It would far surpass the limit allotted to this brief sketch to enter in detail upon the scientific labors and works of Dove; his scientific papers published in the memoirs of the Berlin Academy of Sciences, in Poggendorf's "Annalen," in "Zeitschrift für Erdkunde," in "Zeitschrift des Preussischen Statistischen Bureau's," etc., between the years 1827 and 1876 number more than two hundred and fifty, besides his larger published works and treatises, of which the most noted are:
"Über Maas und Messen," 1835; "Meteorologische Untersuchungen," 1837; "Über die Nichtperiodischen Veränderungen der Temperatur-Vertheilung auf der Oberfläche der Erde," 6 vols., 1840-1859; "Untersuchungen im Gebiete der Inductions Electricität," 1843; "Über den Zusammenhang der Wärme-Veränderungen der Atmosphäre mit der Entwicklung der Pflanzen," 1846; "Temperaturtafeln," 1848; "Über Electricität," 1848; "Monats Isothermen," 1850; "Verbreitung der Wärme auf der Erdoberfläche durch Isothermen und Isanomalen," 1852; "Darstellung der Farbenlehre," 1853; "Monats-und-Jahres Isothermen in der Polarprojection," 1864; "Darstellung der Wärme-Erscheinungen durch fünftägige Mittel," 3 vols., 1856-1870; "Die Witterungs-Erscheinungen des nördlichen Deutschlands," 1858-1863; "Das Gesetz der Stürme," 1857; "Optische Studien," 1859; "Anwendung des Stereoscopes zur Erkennung falschen Papier Geldes," 1859; "Die Stürme der gemaessigten Zone," 1863; "Klimatologische Beiträge," 2 vols., 1857-1869; "Klimatologie von Nord Deutschland," 2 vols., 1868-1871; "Eiszeit, Föhn und Sirocco," 1867; "Der schweizerische Föhn," 1868; "Der Kreislauf des Wassers auf der Erde," 1868; "Gedächtnissrede auf Alexander von Humboldt," 1869, etc.

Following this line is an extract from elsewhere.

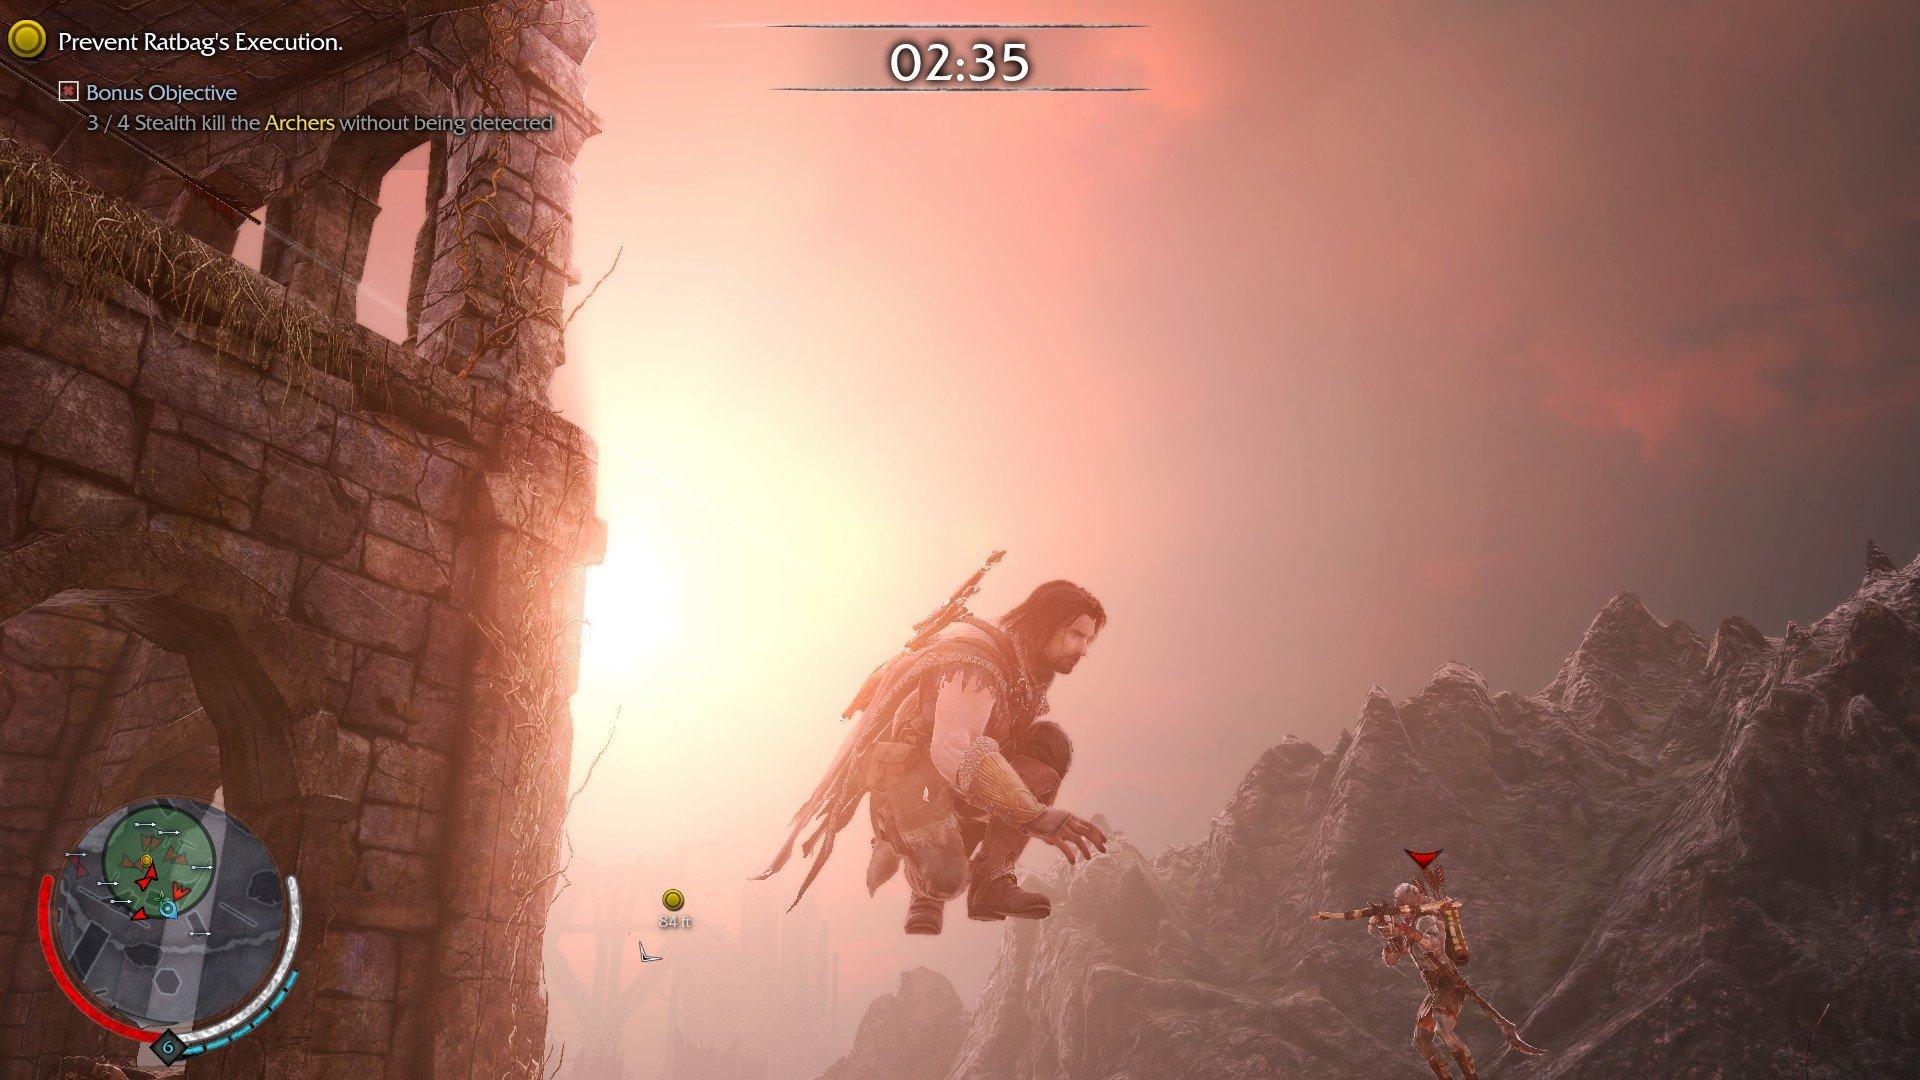 Сам себе Саурон. Рецензия на Middle-earth: Shadow of Mordor - Изображение 4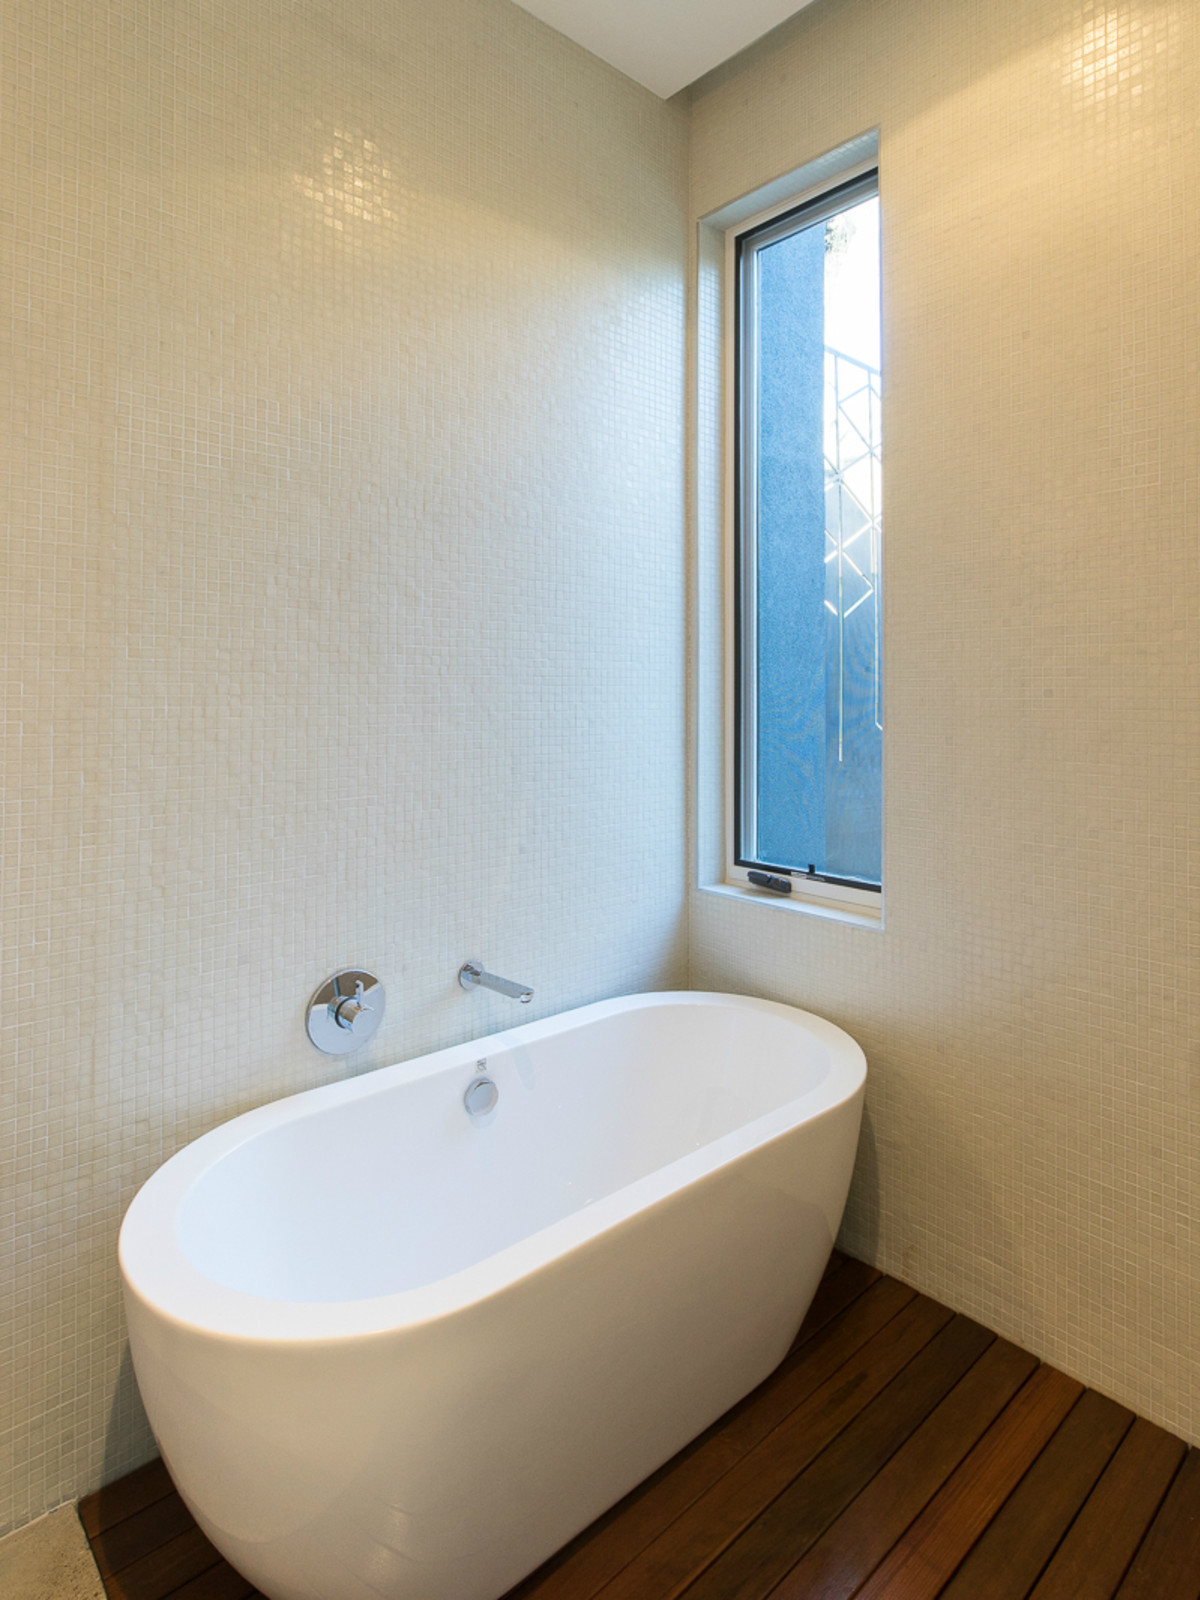 Austin house home dulplex 3305 Garden Villa Lane 78704 March 2016 bathroom tub

They show Dove to have been a most thorough and successful worker and investigator in electricity, magnetism, optics, crystallography, and in such practical subjects as measures and weights, and the metric system of civilized nations. Among other discoveries, he also first recognized the presence of a secondary electric current in a metallic wire, at the moment that the circuit of the principal current is completed. The large number of physical instruments originated and devised by his genius and skill, among them his polarization apparatus, his differential inductor, his rotating polariscope, and numerous other important devices, bear evidence of his many contributions to the advancement of physics.
But it was to meteorological, hydrographical, and climatological inquiries that Dove devoted his full strength and the great powers of his mind; and by his comprehensive and well-directed labors he has written his name in imperishable characters on the records of science. His fame rests preeminently on the successful inquiries which he carried out with a view to the discovery of the laws regulating atmospheric phenomena, which apparently are under no law whatever, and on his isothermals and isabnormals of temperature for the surface of the globe, in which labors one can not sufficiently admire the breadth of view which sustained and animated him as an explorer, during the long, toilsome years spent in, and requisite to, their preparation. Equally characterized by philosophic depth and by what really seemed a love for the drudgery of detail, even to profuseness, when such drudgery appeared necessary or desirable in attaining his object, are his various works on winds, the manner of their veering, and their relations to atmospheric pressure, temperature, humidity, and rainfall, and the important bearings of the results on the climatology of the globe; and on the relation of the variations of temperature to the development of plants and their life and distribution. The origin of storms and their connection with the general circulation of the atmosphere has been much elucidated by Dove's comprehensive and exact researches; and the "laws of the rotation of the winds and storms," of so vast importance to the mariner, are for ever linked with his name.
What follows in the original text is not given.